You are viewing a plain text version of this content. The canonical link for it is here.

Posted to dev@mahout.apache.org by Jim Jagielski <ji...@jaguNET.com> on 2017/04/13 18:26:23 UTC

Re: Contributing an algorithm for samsara

Apologies for letting this slide... way too much life got in the way :)

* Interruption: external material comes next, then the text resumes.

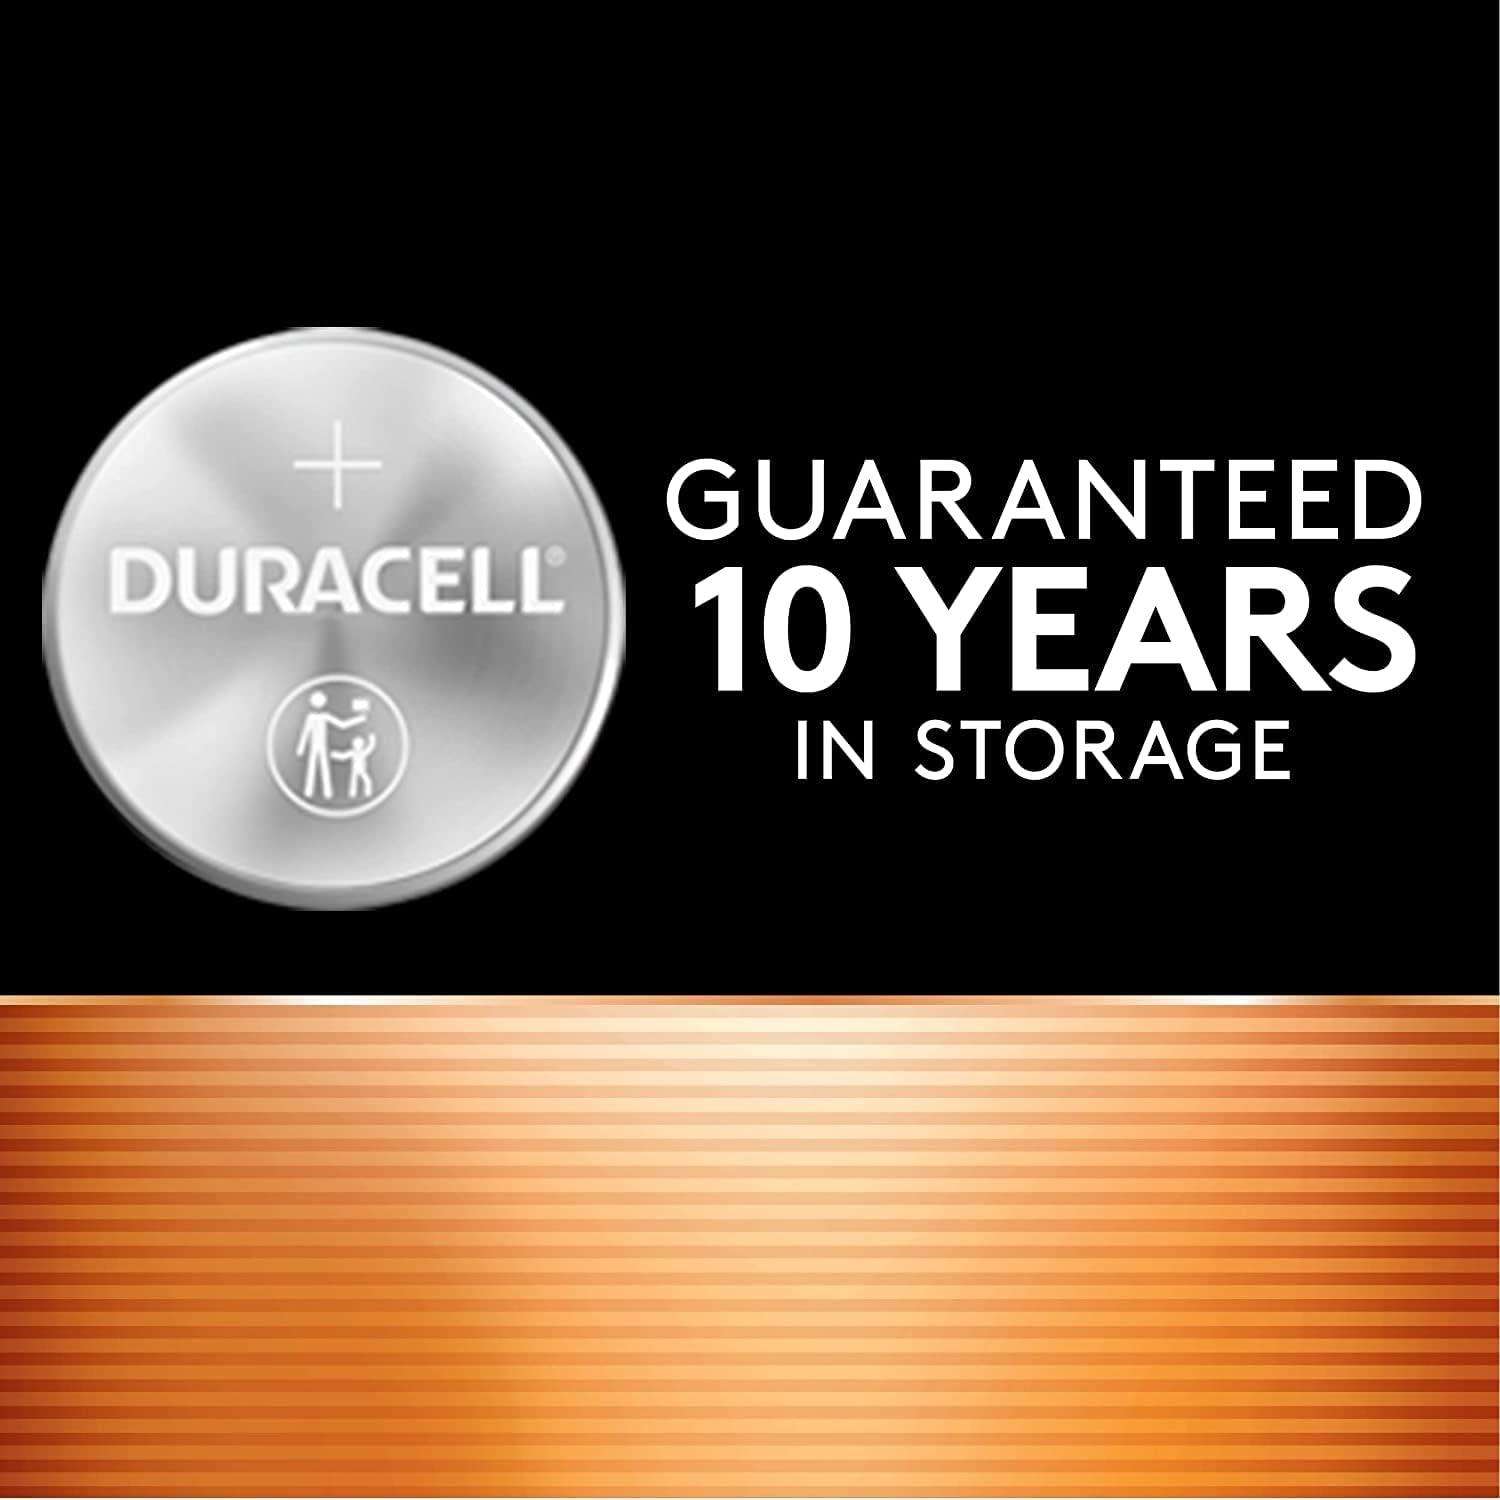 4 x Duracell CR2032 3V Lithium Coin Cell Battery 2032 button

> On Mar 3, 2017, at 3:36 PM, Dmitriy Lyubimov <dl...@gmail.com> wrote:
> 
> And by formula yes i mean R syntax.
> 
> possible use case would be to take Spark DataFrame and formula (say, `age ~
> . -1`) and produce outputs of DrmLike[Int] (a distributed matrix type) that
> converts into predictors and target.
> 
> In this particular case, this formula means that the predictor matrix (X)
> would have all original variables except `age` (for categorical variables
> factor extraction is applied), with no bias column.
> 
> Some knowledge of R and SAS is required to pin the compatibility nuances
> there.
> 
> Maybe we could have reasonable simplifications or omissions compared to R
> stuff, if we can be reasonably convinced it is actually better that way
> than vanilla R contract, but IMO it would be really useful to retain 100%
> compatibility there since it is one of ideas there -- retain R-like-ness
> with these things.
> 
> 
> On Fri, Mar 3, 2017 at 12:31 PM, Dmitriy Lyubimov <dl...@gmail.com> wrote:
> 
>> 
>> 
>> On Fri, Mar 3, 2017 at 4:09 AM, Jim Jagielski <ji...@jagunet.com> wrote:
>>> 
>>>> 
>>>> 
>>> 
>>>>> 
>>>>> 3) On the feature extraction per R like formula can you elaborate more
>>>> here, are you talking about feature extraction using R like dataframes and
>>>> operators?
>>>> 
>>> 
>>> 
>> Yes. I would start doing generic formula parser and then specific part
>> that works with backend-speicifc data frames. For spark, i don't see any
>> reason to write our own; we'd just had an adapter for the Spark native data
>> frames.
>>